By Deron T. McCoy, CFA®, CFP®, CAIA®
Chief Investment Officer
Perhaps there’s no easier way to put people to sleep then by talking at length about the Federal Reserve. All I need to do is mention the words ‘repo rate’ or ‘discount window’ and most people’s eyes start glazing over as they stifle a yawn. But wait…bear with me for just a second.
Over the weekend, investors were anxiously waiting to see if the Fed would again cut interest rates, perhaps even moving the short-term Fed Funds rate down to zero. And in dramatic fashion on Sunday, the Fed took rates to zero. While the move might help loosen financial conditions, it’s not the main problem that deserves our attention. Jim Grant of Grant’s Interest Rate Observer reminds us that “interest rates are prices,” and while the cost of money is important, it’s not the be-all and end-all.
Still with me? Let’s look at a real-life analogy to make this all a bit less academic and dry.

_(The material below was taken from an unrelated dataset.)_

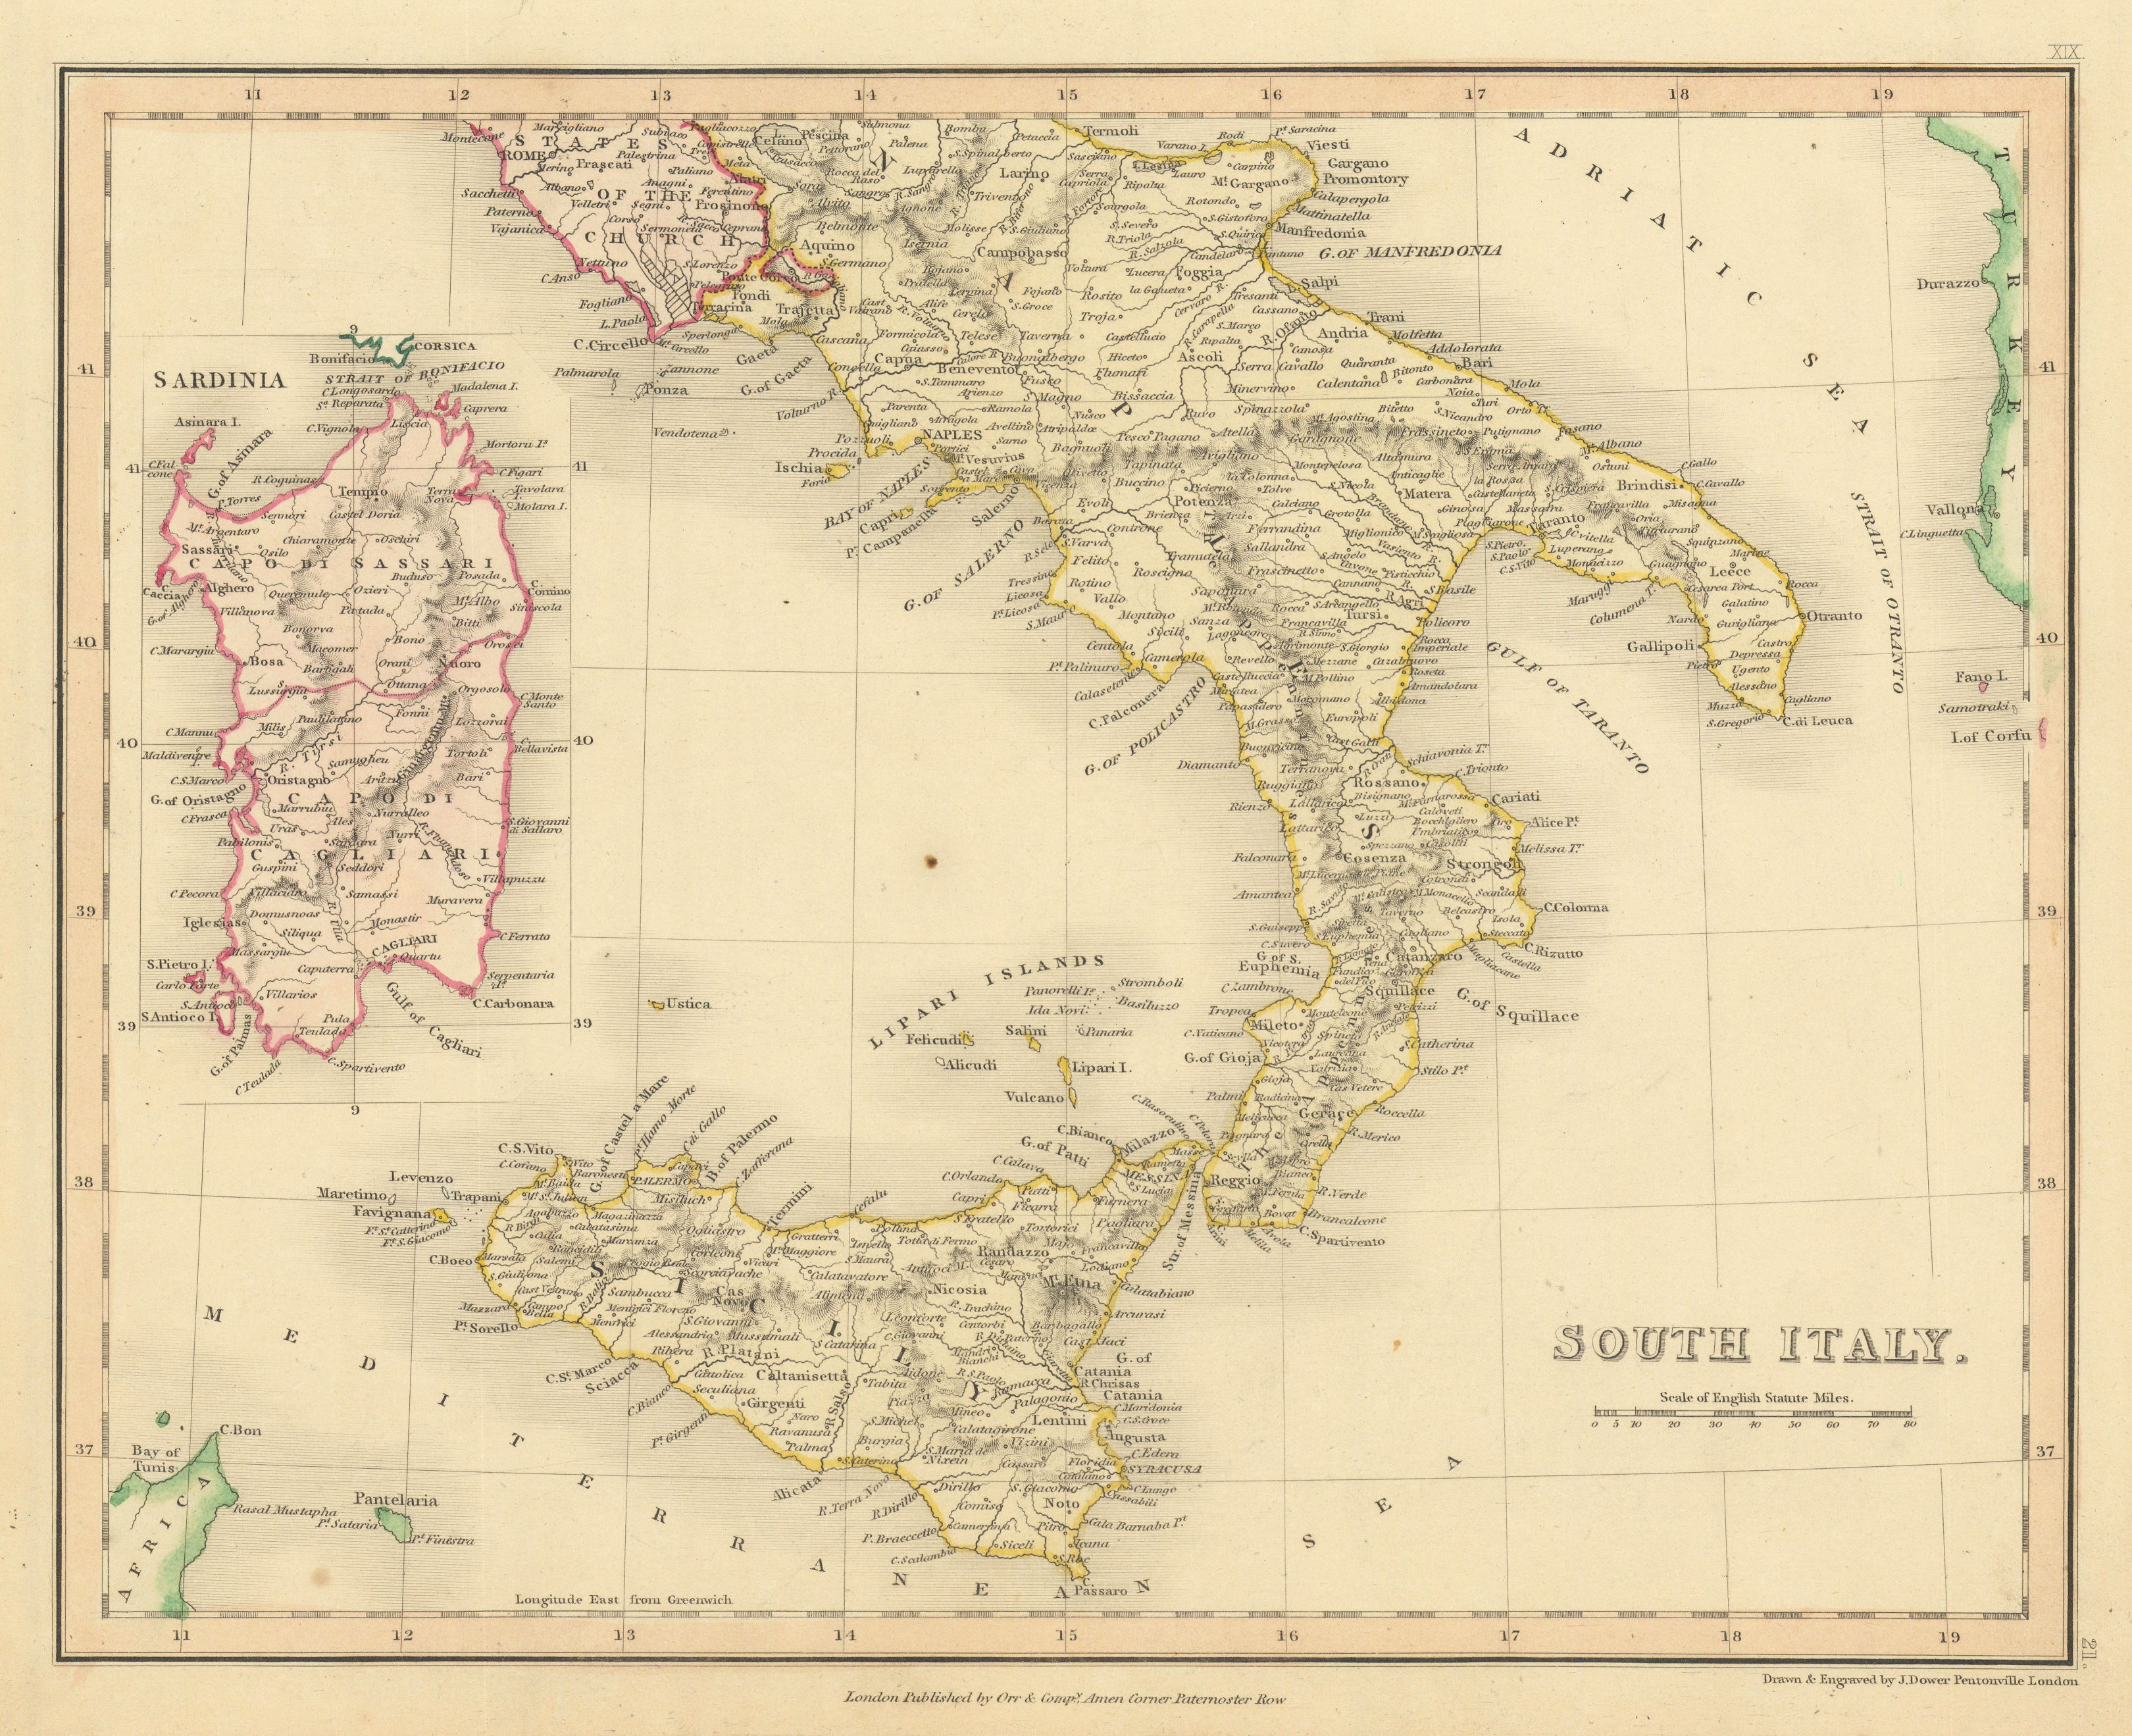 Associate Product South Italy by John Dower. Sicily Naples & Sardinia 1845 old antique map chart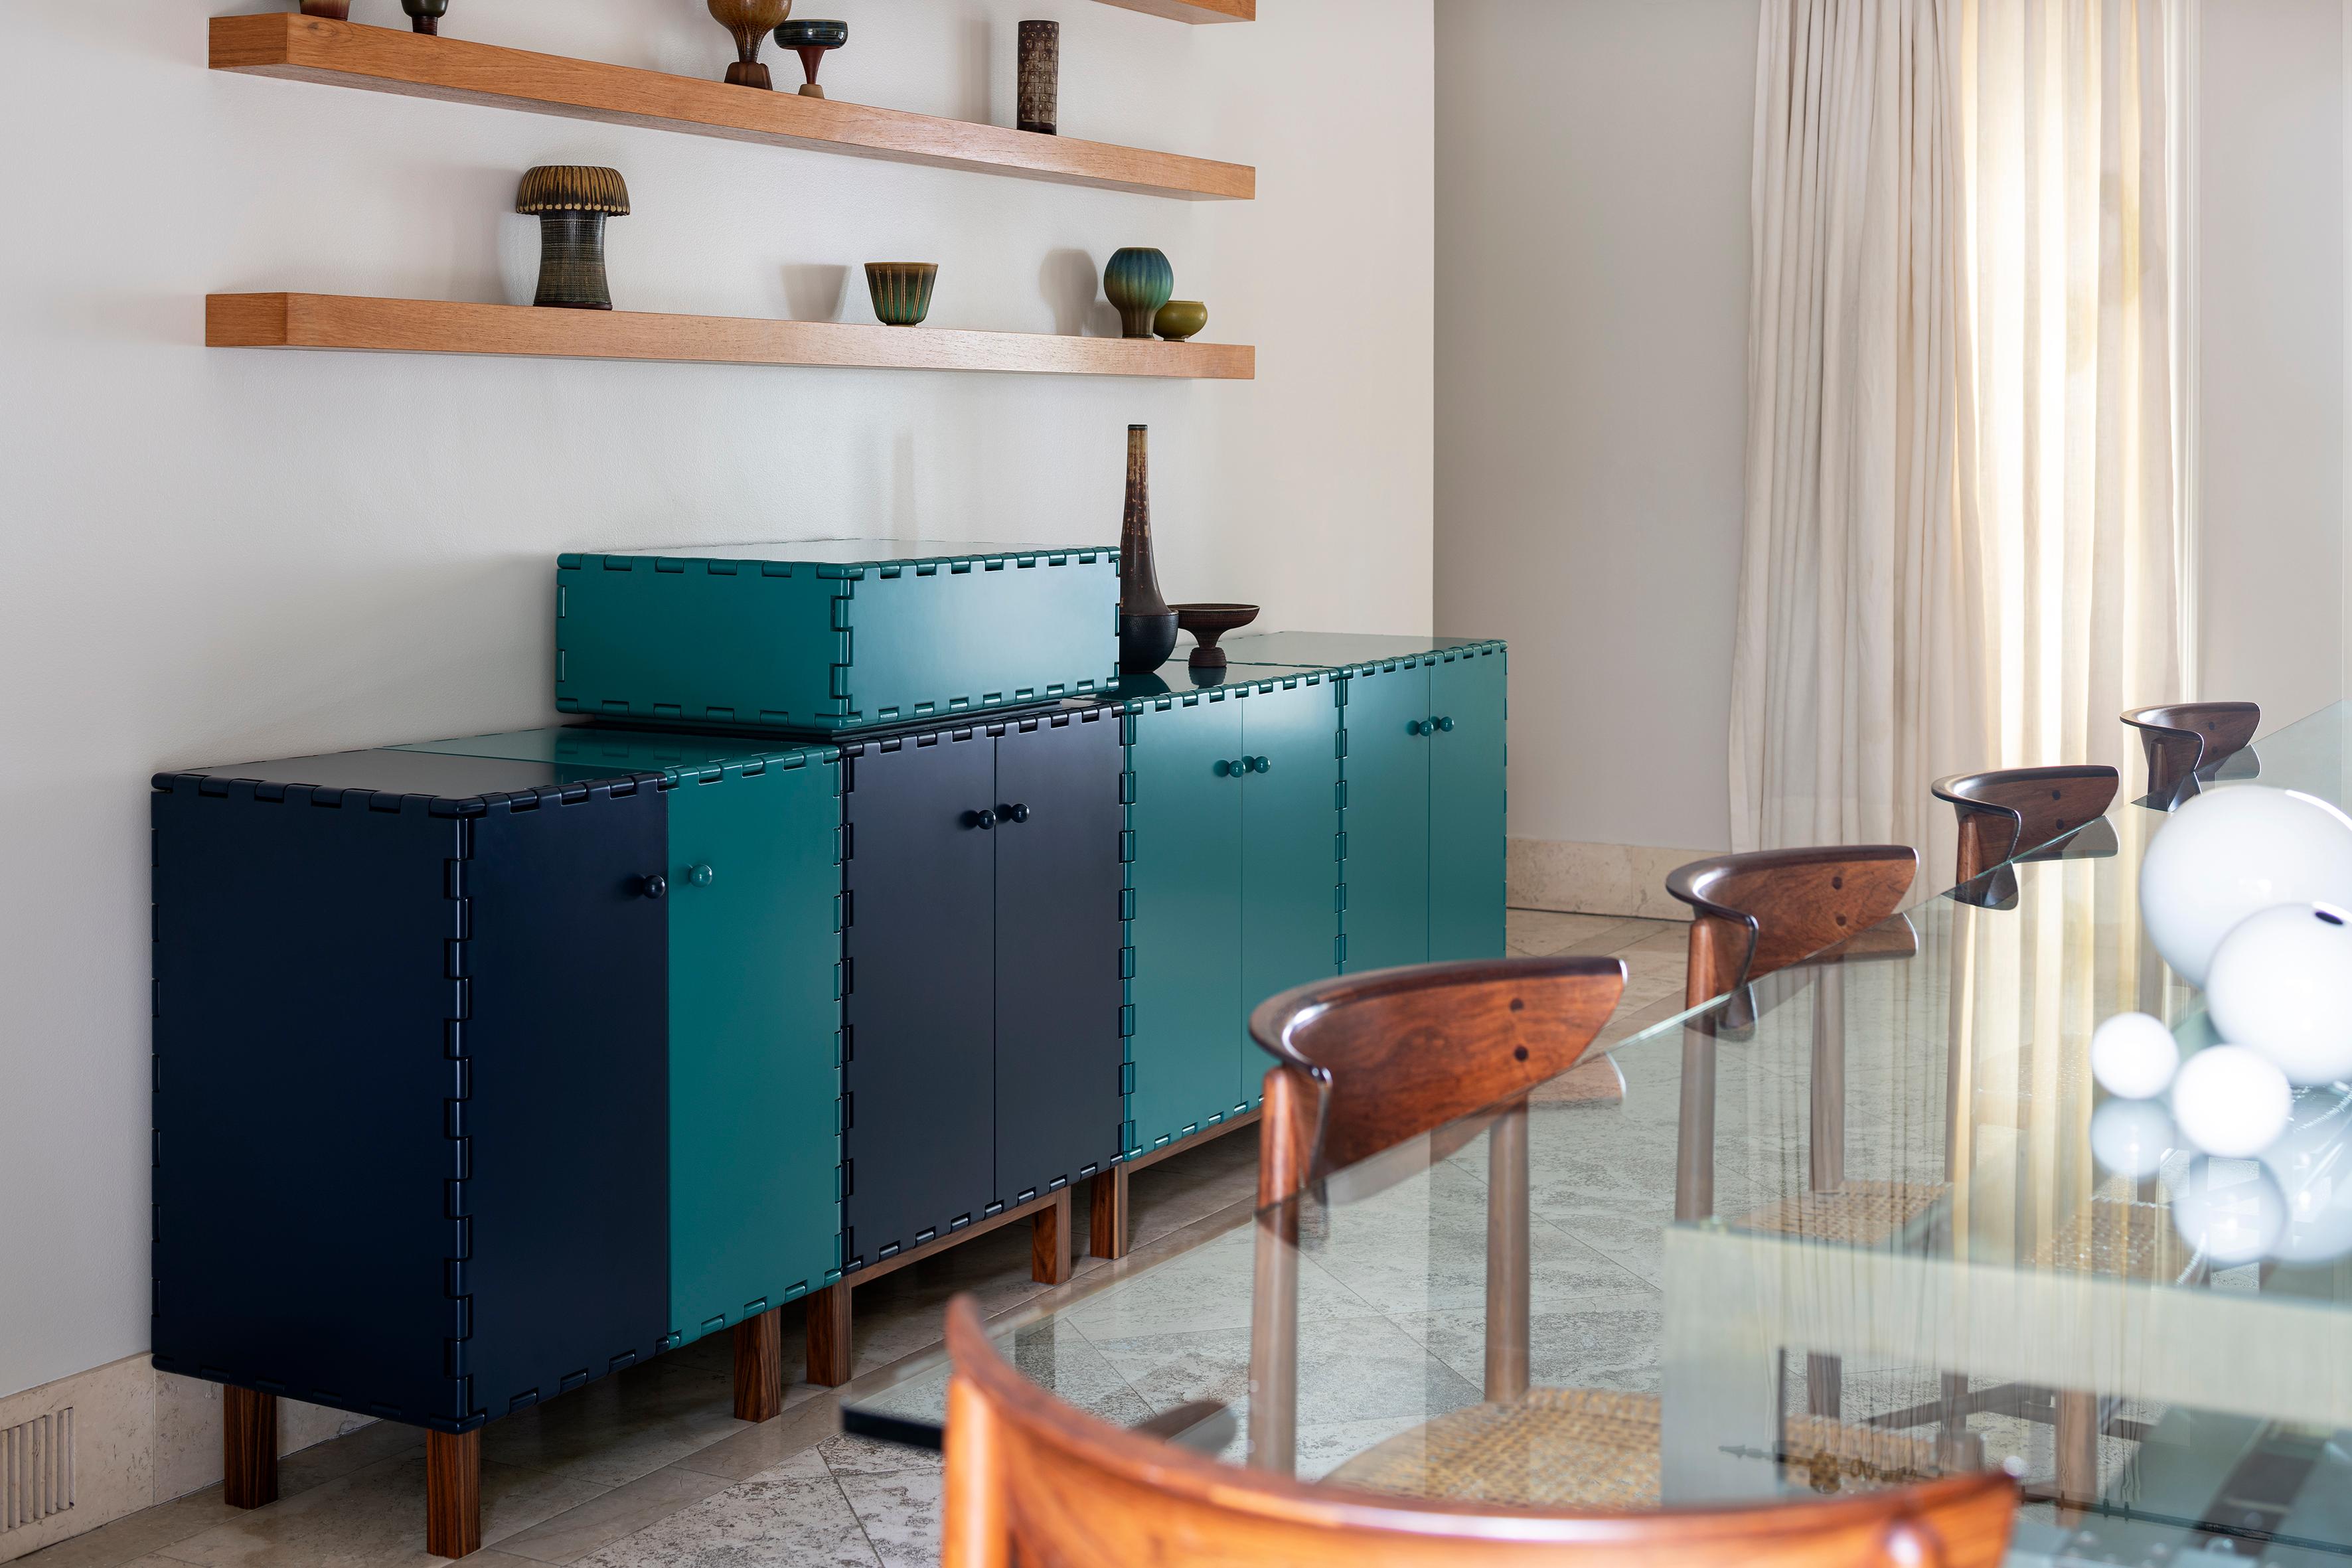 Handcrafted sideboard cabinet in lacquered wood. The lacquer color highlights the simplicity of the design details. The modular quality of the collection allow each cabinet to be combine with other pieces within the collection to create different

Say you’re remodeling your house and looking to add one of those new luxury “overhead rain showers.” The cost of the system is a consideration – so, if at some point the store lowers that cost, it’s a positive. But what if the real problem is that the plumbing doesn’t work? And it’s not just a problem at your house – it’s everywhere! You would expect the city to do something, right? What if instead the public works department turned around and mandated that the cost of all bathroom fixtures be $0, it doesn’t exactly solve the problem, does it? Nobody cares whether their shower is free if it’s going to fill with water that won’t drain. Instead—the city government must focus on fixing the plumbing!
Everyone knows that stocks have had a historic selloff. But the ultra-safe government bond market was malfunctioning as well. According to CNN, “even though Treasuries are supposed to be the safest assets on the planet, liquidity dried up in that market, setting off alarm bells on Wall Street.”
In short, the plumbing and inner workings of the financial system were broken.
If investors are to remain confident in the system, markets need to properly function, and ETFs need to correctly price. And if corporations are to remain solvent, credit needs to flow easily back and forth with access to short-term funding markets and commercial paper. Should society for any reason lose faith in the system, the whole thing falls apart (the word ‘credit’ actually derives from the Latin root word ‘cred’ which means ‘believe’).
We are not alone in thinking this. James Bianco, president of Bianco Research on CNN Thursday observed, “There is no liquidity in the markets…financial markets are seizing up.” Chief Investment Officer Peter Boockvar further added, “The market in a sense broke today,” noting the gap in Treasury bond prices as signaling a liquidity crunch.
Fortunately, with the announcement of ZIRP (zero interest rate policy) came QE4 (Quantitative Easing Part IV) to try and fix the plumbing. Mr. Bianco added on CNBC “What the Fed did was they restarted QE, and they essentially announced that in the next two days they’re going to do more QE than they did in the last five years combined. The reason they’re doing it is because the financial markets have stopped functioning properly. There’s no liquidity. There’s hardly any trading.” Jeffrey Kleintop of Charles Schwab added, “This is to make sure banks don’t have any funding issues…We don’t want companies to feel like banks will pull back on their lines of credit and run into liquidity problems.”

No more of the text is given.